Thanks for taking time to share w/us.  Most of us are animal lovers some more so than the rest.  Be happy that you have other lives around you.  I am glad you watch the kids w/your pets.  Never ever take your eyes off them.  Things can happen so fast no matter how well you mean.  This is bad day for me.  That void is not soothed w/ anything but time.  Don't you think we will get to see them again?  I do.  I know she will remember me cause I loved her so much and she loved me too.  People always disappoint me like your doctor but my animals give me unconditional love.   I just wonder why the guy is an animal doctor.  Sure is in wrong place.  So calleous and insensitive.  Even if I smell bad and don't look good.  

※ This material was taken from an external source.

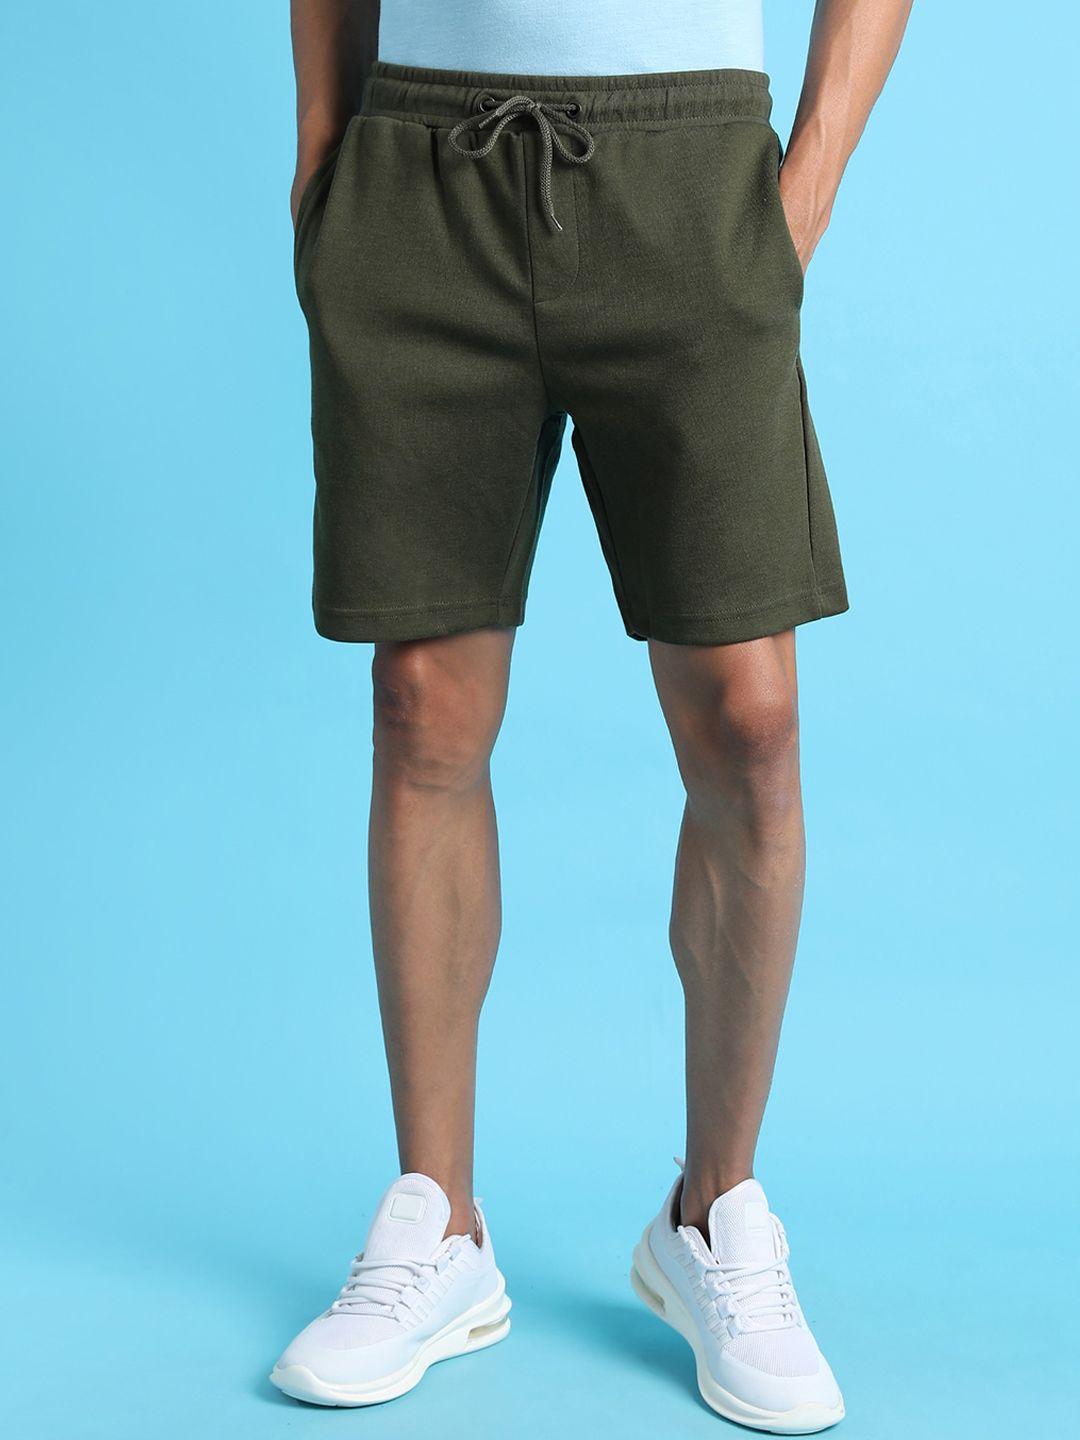 campus-sutra-men-olive-green-outdoor-sports-shorts

Be good to yourself. You know she would want you to.  She doesn't fault you for what happened.  If only they could talk and tell you how they felt.


----------



## jpmcgrew (Aug 3, 2006)

Im so sorry for your loss Im weeping also because that kind of pain is all too real and almost unbearable.I cant say anything more then what everyone else has said.There is no worse feeling then losing a pet.
Dont feel guilty it was not your fault.Like I always say you fall in love with them and then thay break your heart.But it's more courageous to let them go before they suffer too much.Last summer I lost my redbone totally unexpected.
But think of this, first of all you saved her from a sure death when you found her and gave her a wonderful life.If you get another rescue pet you are doing them the biggest favor of all,first you literally save their lives and then give them the best life ever no matter how long they live, it's all they could wish for and thats your greatest gift to them and in return they love you forever.


----------



## Trip (Aug 5, 2006)

Thanks all for the chin ups... still in a realllllly less then pleasant mood but at least not crying at the drop of a hat anymore... started looking though some pics of her (this is her as my avatar), she like to crawl into beds and blankets, I actually had a painting done using my avatar pic... miss her like crazy, she was my alarm clock lol but I'm trying to be reasonable about the guilt issue. Thanks for all those who tried to help.


----------



## expatgirl (Aug 5, 2006)

What a cutie!!!!!!!!!!!!  Glad to hear that you're slowly coming to terms---sometimes when I sit down at the computer I miss my Tiffany--she would always climb into my lap and my job was to pet her---emailing and googling came second.  Love comes in so many different ways----furry or not.  Hang in there, Trip.


----------



## Half Baked (Aug 5, 2006)

Trip, we had to have our beloved dog, Skeeter, put down at 4:45 on Friday. My heart is absolutely broken. I am going through a tough time so I can definately idenify with your pain.

I'm sorry but I'd change vets, also. During the trauma of holding my Skeeter as he eased into his heaven, had the vet begun to give me a lecture, I would have choked him, literally.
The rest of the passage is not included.